**Description of the task:** Please output the section of the listing below that opens with the line containing "Tømmerfløting rundt 1900" and closes with the line containing "8 Seat Primary", exactly and with nothing else.

[Data — start]

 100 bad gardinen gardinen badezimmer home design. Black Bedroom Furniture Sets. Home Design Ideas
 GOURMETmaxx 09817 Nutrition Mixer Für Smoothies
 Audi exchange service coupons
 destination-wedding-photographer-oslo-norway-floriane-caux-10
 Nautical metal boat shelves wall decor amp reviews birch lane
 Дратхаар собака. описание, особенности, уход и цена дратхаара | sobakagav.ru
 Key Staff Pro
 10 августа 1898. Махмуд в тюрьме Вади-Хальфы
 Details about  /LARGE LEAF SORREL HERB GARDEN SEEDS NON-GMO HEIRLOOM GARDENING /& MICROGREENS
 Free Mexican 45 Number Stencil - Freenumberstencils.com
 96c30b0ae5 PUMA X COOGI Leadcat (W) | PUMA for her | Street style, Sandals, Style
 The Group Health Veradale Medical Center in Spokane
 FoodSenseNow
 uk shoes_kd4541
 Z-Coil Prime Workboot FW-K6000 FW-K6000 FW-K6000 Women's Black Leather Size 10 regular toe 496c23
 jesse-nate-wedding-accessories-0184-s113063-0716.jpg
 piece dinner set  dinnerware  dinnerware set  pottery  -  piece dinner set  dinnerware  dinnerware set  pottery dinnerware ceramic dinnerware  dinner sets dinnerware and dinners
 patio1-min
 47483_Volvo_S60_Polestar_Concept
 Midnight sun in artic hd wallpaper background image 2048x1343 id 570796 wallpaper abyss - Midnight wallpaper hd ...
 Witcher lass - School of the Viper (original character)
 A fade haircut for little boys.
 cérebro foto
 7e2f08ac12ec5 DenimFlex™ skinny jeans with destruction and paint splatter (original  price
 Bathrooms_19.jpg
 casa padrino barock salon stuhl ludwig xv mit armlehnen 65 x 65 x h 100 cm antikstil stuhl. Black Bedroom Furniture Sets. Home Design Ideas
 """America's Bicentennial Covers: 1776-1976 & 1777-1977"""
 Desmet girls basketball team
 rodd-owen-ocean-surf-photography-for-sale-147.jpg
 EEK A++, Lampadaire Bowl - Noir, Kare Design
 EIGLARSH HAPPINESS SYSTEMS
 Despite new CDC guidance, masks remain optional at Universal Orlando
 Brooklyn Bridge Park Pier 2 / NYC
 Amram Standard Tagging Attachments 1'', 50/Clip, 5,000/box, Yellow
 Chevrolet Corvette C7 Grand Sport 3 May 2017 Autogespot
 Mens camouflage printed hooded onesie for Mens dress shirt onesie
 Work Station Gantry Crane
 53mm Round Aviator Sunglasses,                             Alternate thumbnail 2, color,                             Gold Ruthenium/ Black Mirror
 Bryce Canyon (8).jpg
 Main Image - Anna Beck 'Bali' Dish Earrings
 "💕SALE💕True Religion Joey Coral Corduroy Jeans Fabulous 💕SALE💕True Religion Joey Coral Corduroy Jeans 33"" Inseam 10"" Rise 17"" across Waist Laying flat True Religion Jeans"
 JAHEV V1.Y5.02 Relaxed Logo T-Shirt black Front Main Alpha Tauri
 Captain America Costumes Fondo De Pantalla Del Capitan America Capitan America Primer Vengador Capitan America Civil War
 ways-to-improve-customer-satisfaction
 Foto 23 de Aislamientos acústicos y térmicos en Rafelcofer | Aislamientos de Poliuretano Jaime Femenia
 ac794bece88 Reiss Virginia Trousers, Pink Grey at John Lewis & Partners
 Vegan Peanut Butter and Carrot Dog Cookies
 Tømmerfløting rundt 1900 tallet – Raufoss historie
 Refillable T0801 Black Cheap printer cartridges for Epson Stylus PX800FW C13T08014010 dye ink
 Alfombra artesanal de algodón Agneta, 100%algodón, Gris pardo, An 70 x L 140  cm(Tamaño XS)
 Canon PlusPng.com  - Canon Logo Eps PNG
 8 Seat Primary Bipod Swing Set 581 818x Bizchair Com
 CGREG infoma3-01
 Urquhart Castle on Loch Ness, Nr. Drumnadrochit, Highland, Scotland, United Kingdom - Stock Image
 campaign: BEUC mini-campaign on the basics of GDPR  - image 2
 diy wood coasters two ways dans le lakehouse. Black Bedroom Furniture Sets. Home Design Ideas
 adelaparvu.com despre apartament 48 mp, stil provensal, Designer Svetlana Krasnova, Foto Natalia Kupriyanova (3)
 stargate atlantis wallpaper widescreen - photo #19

[Data — finish]

**Answer to this exercise:**
 Tømmerfløting rundt 1900 tallet – Raufoss historie
 Refillable T0801 Black Cheap printer cartridges for Epson Stylus PX800FW C13T08014010 dye ink
 Alfombra artesanal de algodón Agneta, 100%algodón, Gris pardo, An 70 x L 140  cm(Tamaño XS)
 Canon PlusPng.com  - Canon Logo Eps PNG
 8 Seat Primary Bipod Swing Set 581 818x Bizchair Com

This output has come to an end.